Shulamith Schlick, University of Detroit Mercy, DMR 0412582 • The Group: Undergraduate A. J. Perkowski, graduate student Lu Lin, visiting graduate student L. Lancucki (University of Krakow, Poland), postdoctorals M. Danilczuk and M. Spulber (“Petru Poni” Institute, Yassy, Romania) and visiting scientist K. Kruczala (Krakow, Poland).

• Translational Research. Our collaboration with scientists and engineers from 3M, Ford Laboratories, and the Electrochemical Energy Research Lab of General Motors on the degradation and stabilization of membranes used in fuel cells is an example of the connectivity between fundamental research and applications: The kinetic approach developed by our group2 for ranking membrane stability has encouraged efforts on the synthesis of more stable membranes.

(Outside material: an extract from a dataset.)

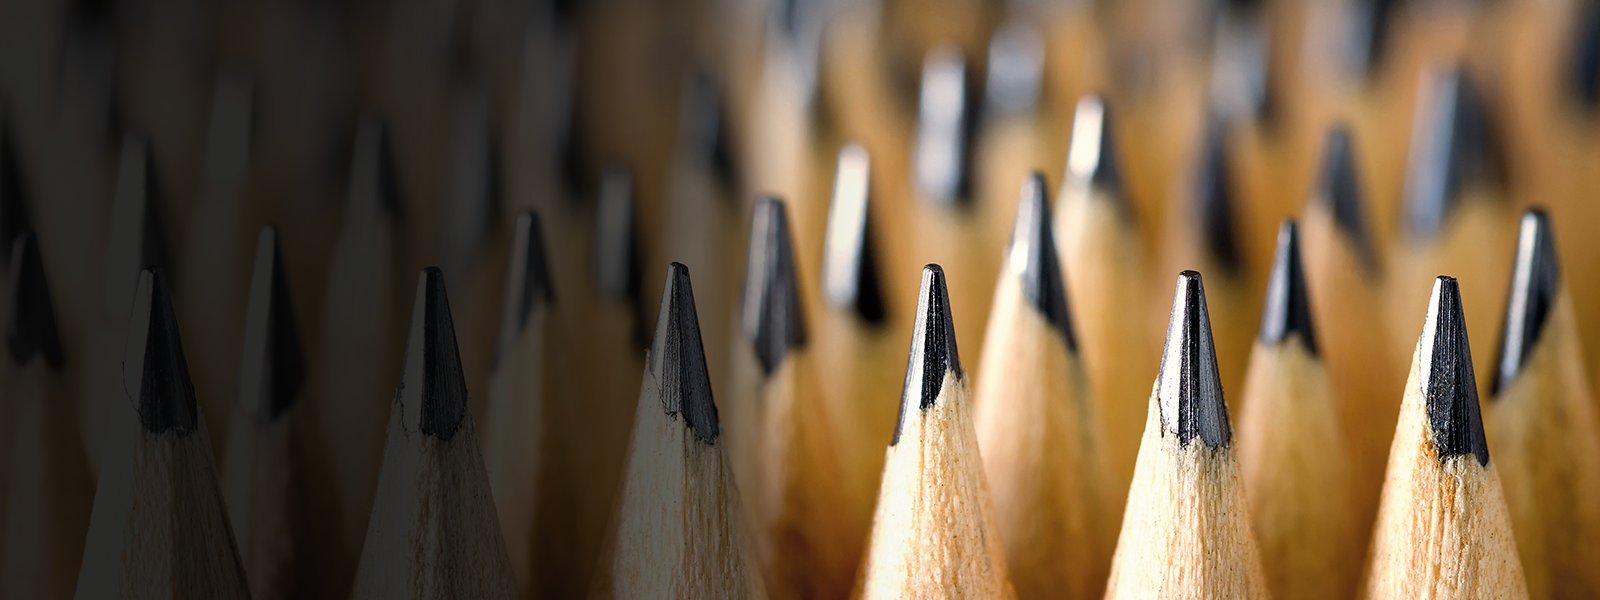 Close up image of rows of sharpened pencil tips

• International Collaborations. PI Schlick has continued the collaboration with K. Kruczala (Krakow), with the group of Bogdan Simionescu at the Petru Poni Institute, Yassy, Romania, and most recently with Professor Willem H. Koppenol at the ETH, Zurich. The latest collaboration is centered on Pulse Radiolysis experiments in Zurich on the model compounds studied in our lab by spin trapping ESR (Danilczuk et al. Fuel Cells 2008, 8(6), 436-452) .

• PI Schlick is part of DOE7, a group of scientists and engineers at 3M Company in St. Paul, MN, and five professors at US universities. In annual meetings, teleconferences, and quarterly reports, the PI’s fundamental research on the degradation of fuel cell membranes has contributed to the recent “go” DOE decision (funding until July 2011).

• The collaboration with scientists at the GM Research Lab continues, and we are looking forward to new equipment for In Depth Profiling by FTIR experiments.